Yep! And that person is usually me! In fact, myself and another person volunteer to run the month's new scenarios for our store coordinators for just this very reason.

Scarab Sages 4/5

Steven Schopmeyer wrote:
You should read the scenario. It's quite good. The Handle Animal problem is a common misconception because people don't check the clause at the end of the skill description.

It's been a couple of years, so I can probably give it a read now without having flashbacks.

Silver Crusade 4/5

Steven Schopmeyer wrote:
You should read the scenario. It's quite good. The Handle Animal problem is a common misconception because people don't check the clause at the end of the skill description.

Yeah, that's a common misconception. Handle Animal CAN be used untrained most of the time. It's just for training an animal that it can't.

Shadow Lodge 4/5

My Suli had:

Bluff +10
Diplomacy +12
Sense Motive +10
And 1 rank each(with no Int mod) in various Knowledge skills

Basically, what he did was ass around with his outrageous American accent and failed to understand anything discoverywise but aced influences just by taking ten.

Scarab Sages 4/5

Fromper wrote:
Steven Schopmeyer wrote:
You should read the scenario. It's quite good. The Handle Animal problem is a common misconception because people don't check the clause at the end of the skill description.
Yeah, that's a common misconception. Handle Animal CAN be used untrained most of the time. It's just for training an animal that it can't.

I have to admit, I've never run a pet class, so I've never read the whole skill (There's a lot in there!). Just glanced over the relevant area for whatever the player is trying to do. That would have helped, since the Oracle's CHA check would have been better than an untrained Profession check, even with the +2 from Breadth of Experience.

Ok, sorry for the derail. Back to Alabastrine.

Dark Archive 4/5 5/5 ****

Muser wrote:

My Suli had:

Bluff +10
Diplomacy +12
Sense Motive +10
And 1 rank each(with no Int mod) in various Knowledge skills

Basically, what he did was ask around with his outrageous American accent and failed to understand anything discoverywise but aced influences just by taking ten.

FIFY

But, your SM+10 should have been pretty great! As well as the skills.

Sovereign Court 2/5 RPG Superstar 2009 Top 32

Ferious Thune wrote:
There are very few points in the game where you need to be playing a certain character because there's only one way of doing things. Scenarios mandating an oddball skill check are one of those ways.
I've only run into that situation once, and I'm not even sure the GM ran it correctly.

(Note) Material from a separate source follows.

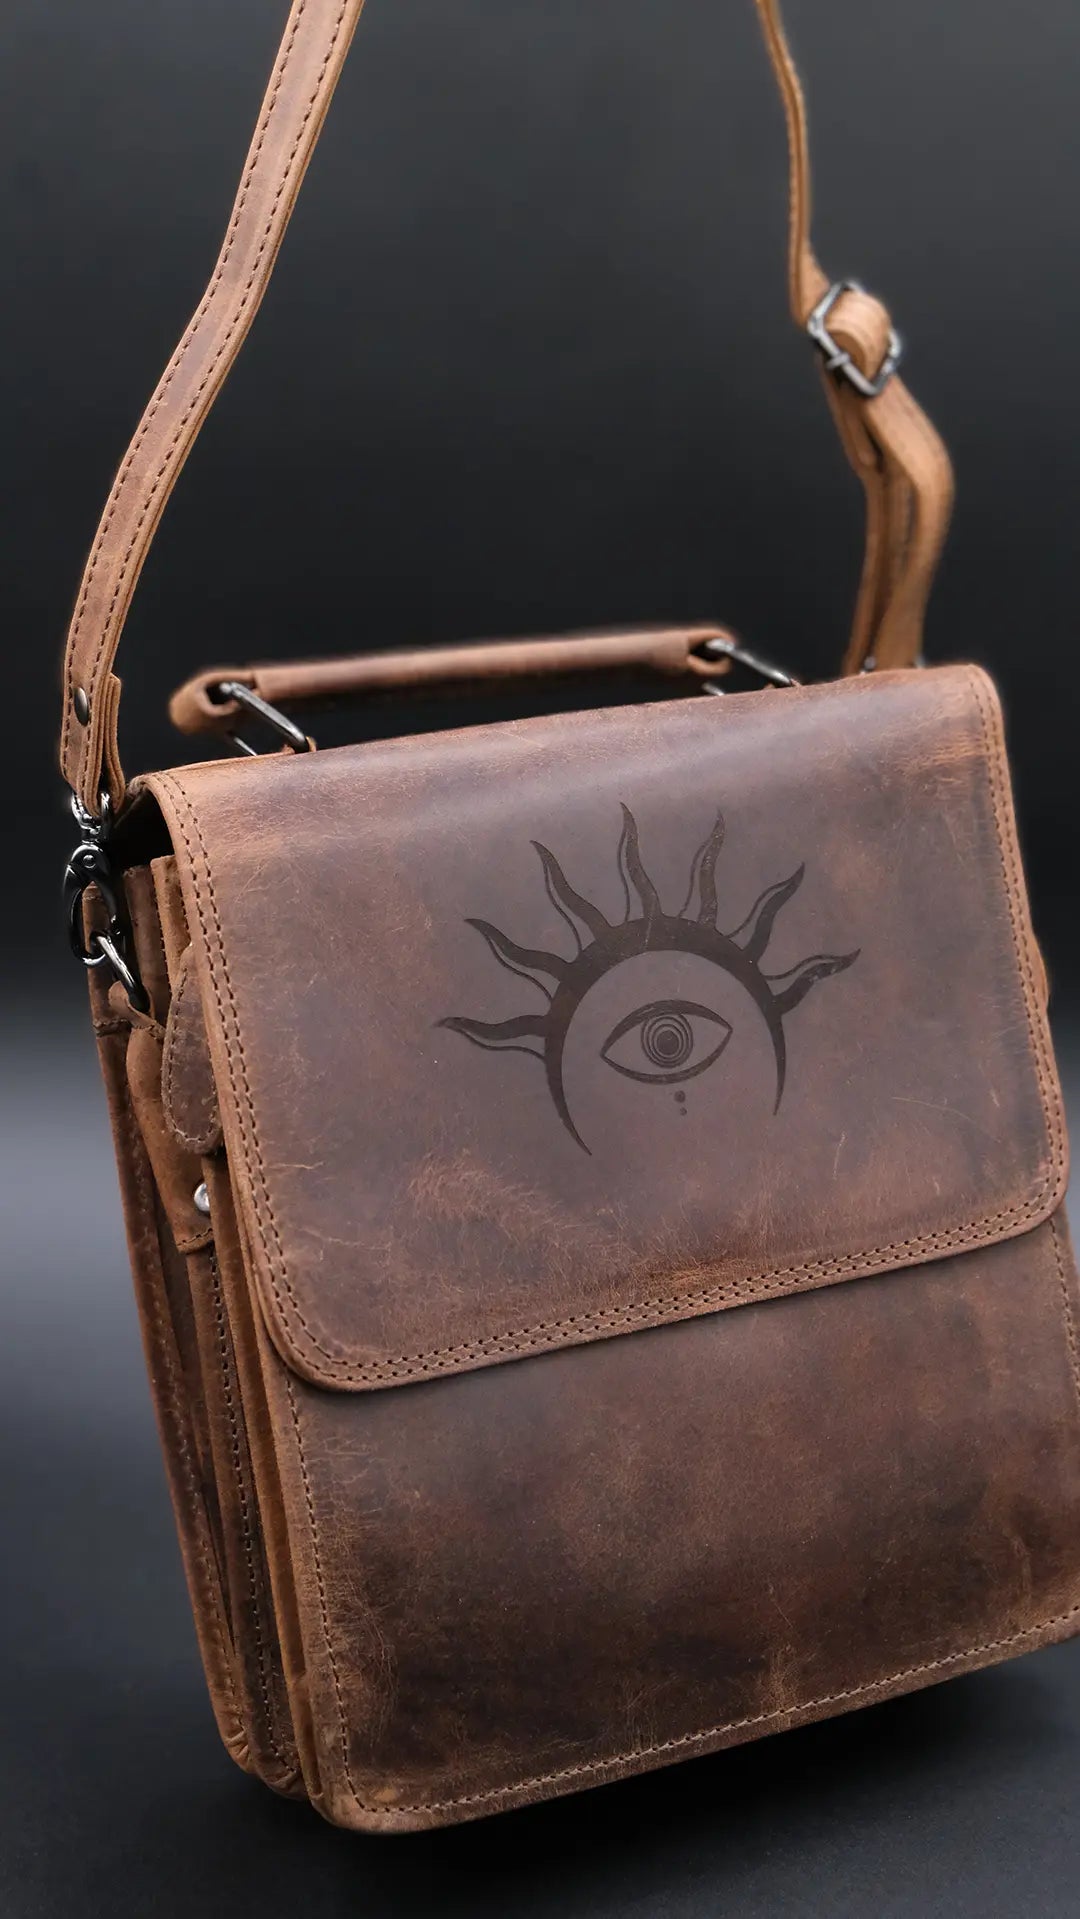 A Shoulder bag in light brown leather with solar crown symbol engraved on the black background.

I find that almost always, when the players claim "there's only one way we could do it", then either there ARE alternatives but they haven't considered them, or the GM is overlooking something :)

Shadow Lodge 4/5

Jack Brown wrote:
Muser wrote:

My Suli had:

Bluff +10
Diplomacy +12
Sense Motive +10
And 1 rank each(with no Int mod) in various Knowledge skills

Basically, what he did was ask around with his outrageous American accent and failed to understand anything discoverywise but aced influences just by taking ten.

FIFY

No, see, he was acting like a fool aka fooling or arseing around.